I ran Splunk 7.2 once as root and now I'm no longer to start it again as non-root. I just get heaps of permission denied errors (mostly local.meta, but also savedsearches). Starting and then properly stopping again, as root, still doesn't fix the problem.
1) How is it acceptable that running Splunk once as root crashes your entire Splunk instance?
2) How do I fix this besides going through and chmod-ing EVERYTHING?
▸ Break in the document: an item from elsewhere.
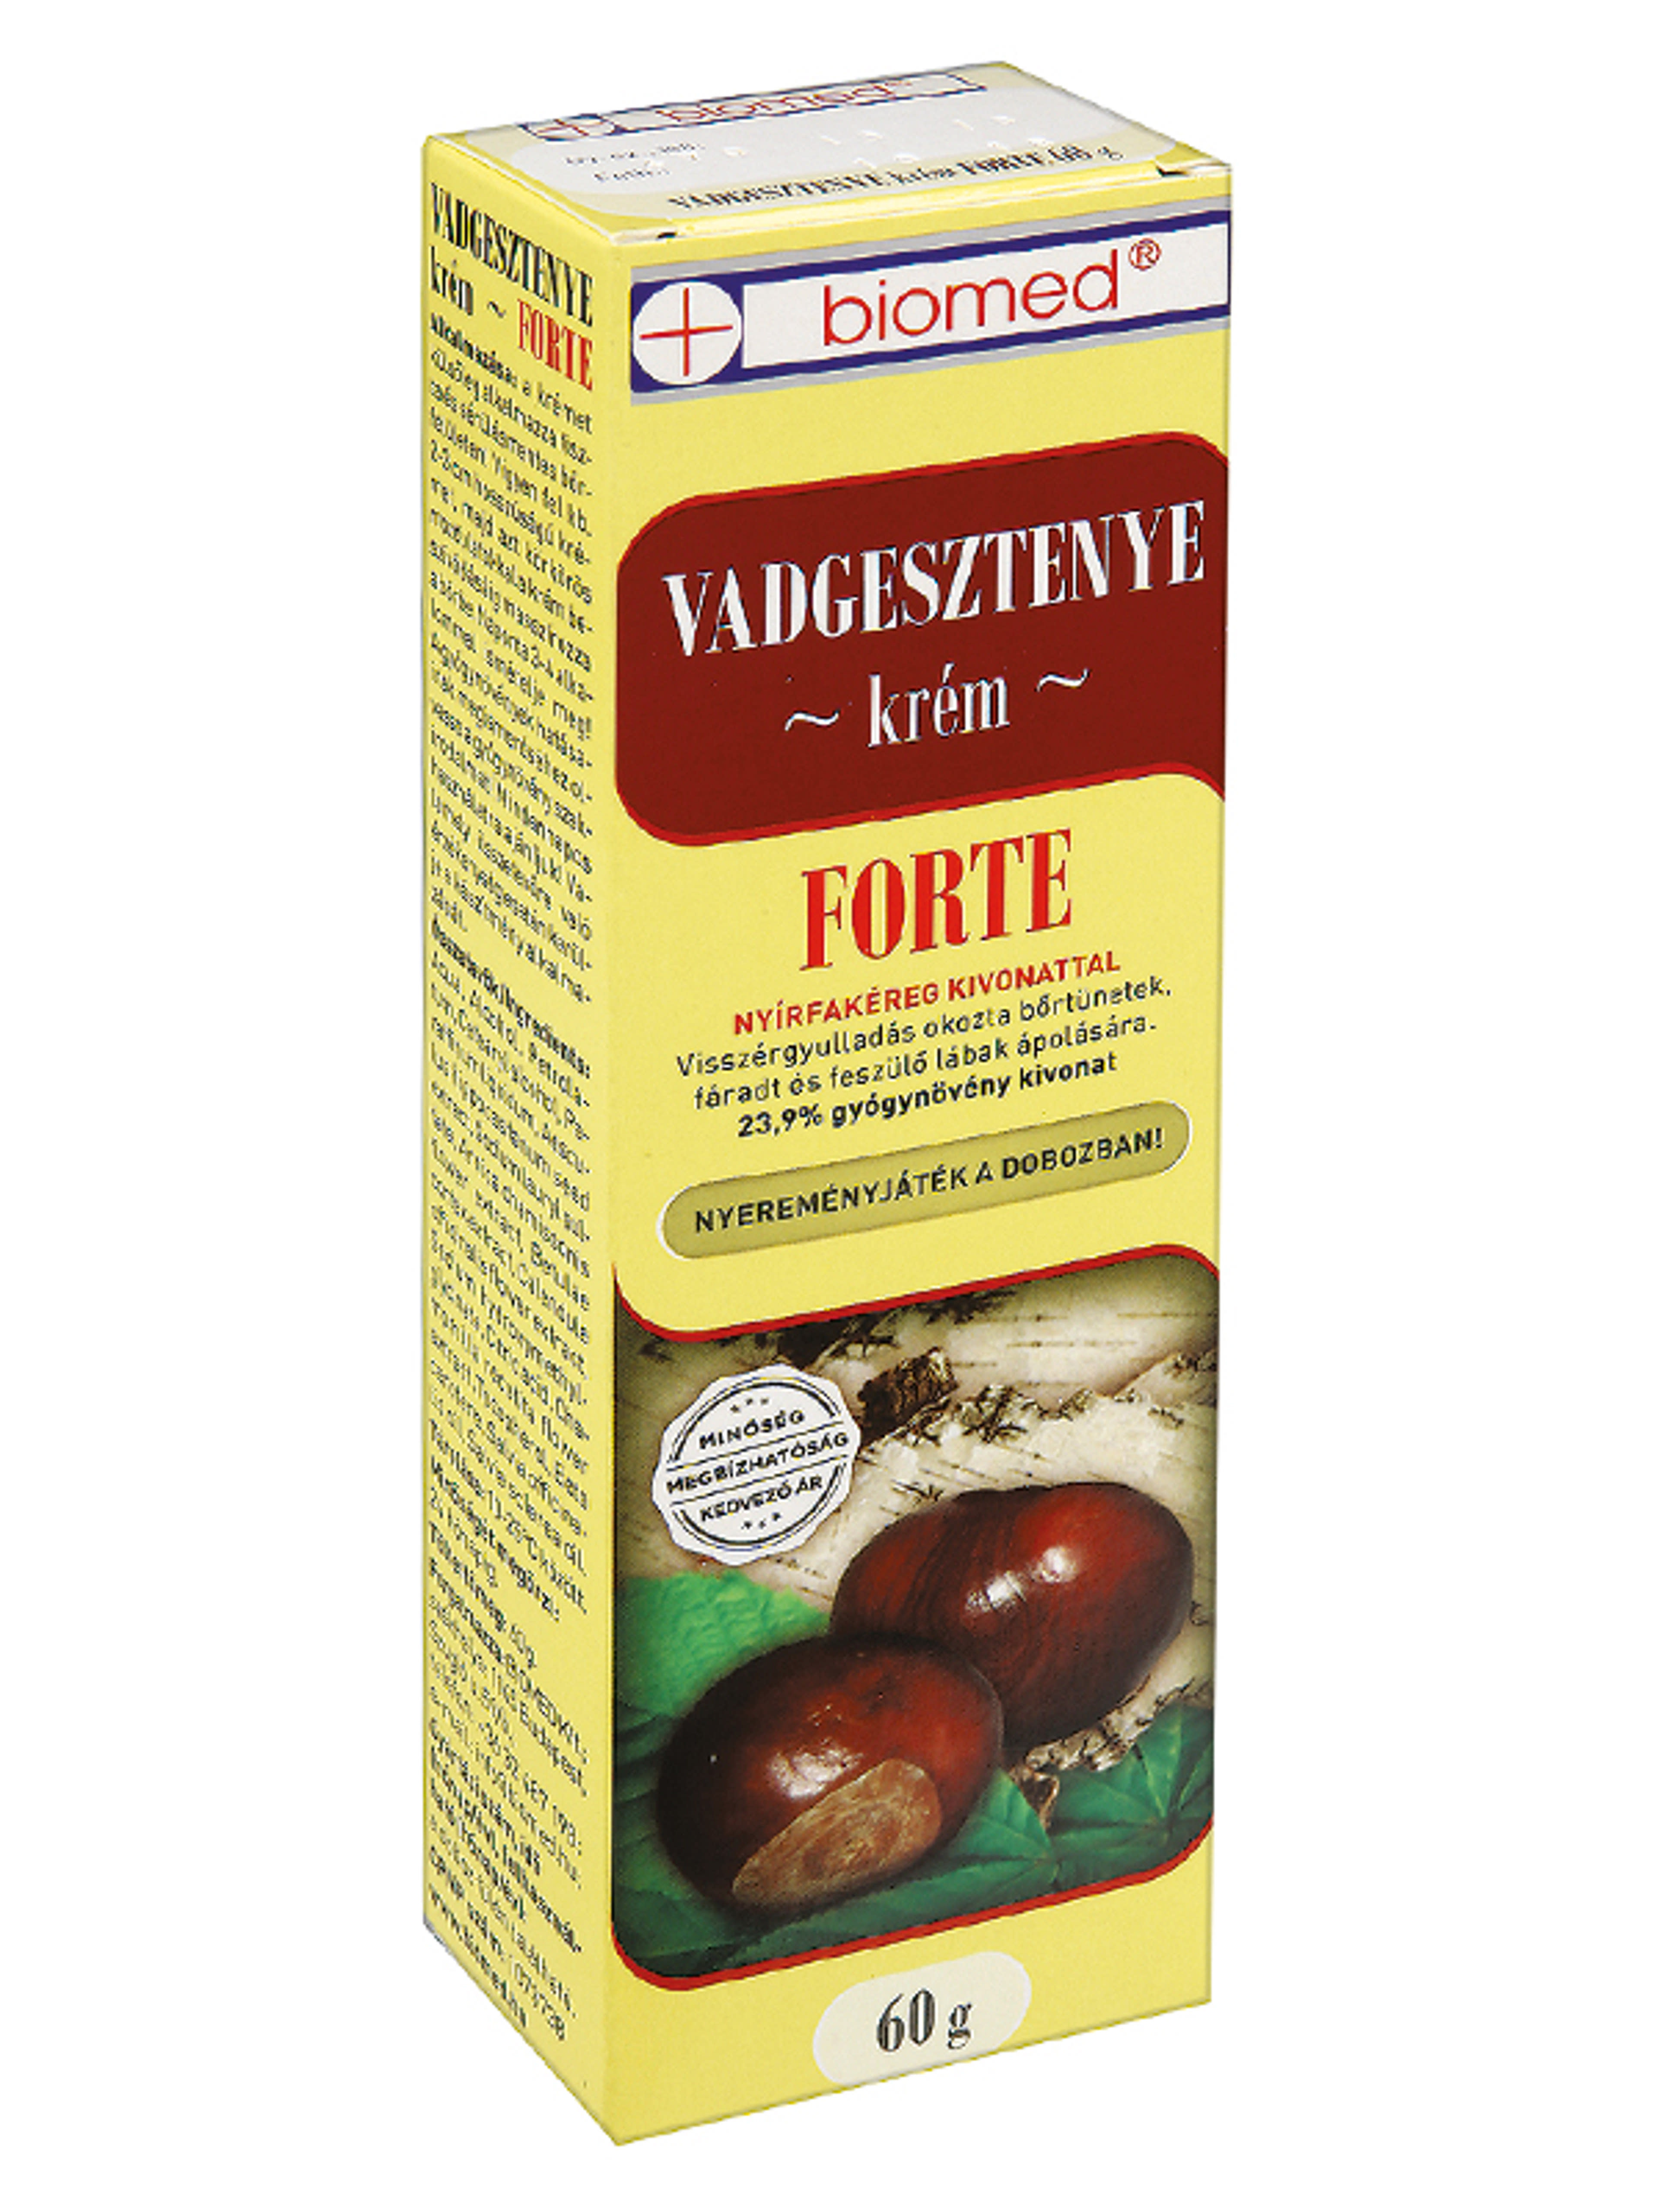 Biomed Vadgesztenye Forte Krém - 60 g

When you do that on Linux you then need to chown -R splunk:splunk $SPLUNK_HOME
In other words, you give ownership of all the splunk files in all the subdirectories of Splunk back to the 'splunk' user (the user that should be running Splunk). Suggest you will have a similar fix in Windows.
Google suggested "takeown /f <some-file-or-folder> /r" as an equivalent.
splunk stop
takeown .... to give the correct user ownership
as the user that should be running splunk: start splunk
...Laurie:{)
Look @nick405060, by starting it as root many files will be owned by root, so stopping and starting won't change it. As an admin person, you need to put the safeguards around it. As you can imagine, it's a very common mistake.
In order to prevent this situation, you need to set SPLUNK_OS_USER
correctly in splunk-launch.conf
.
@nick405060 If your problem is resolved, please accept the answer to help future readers.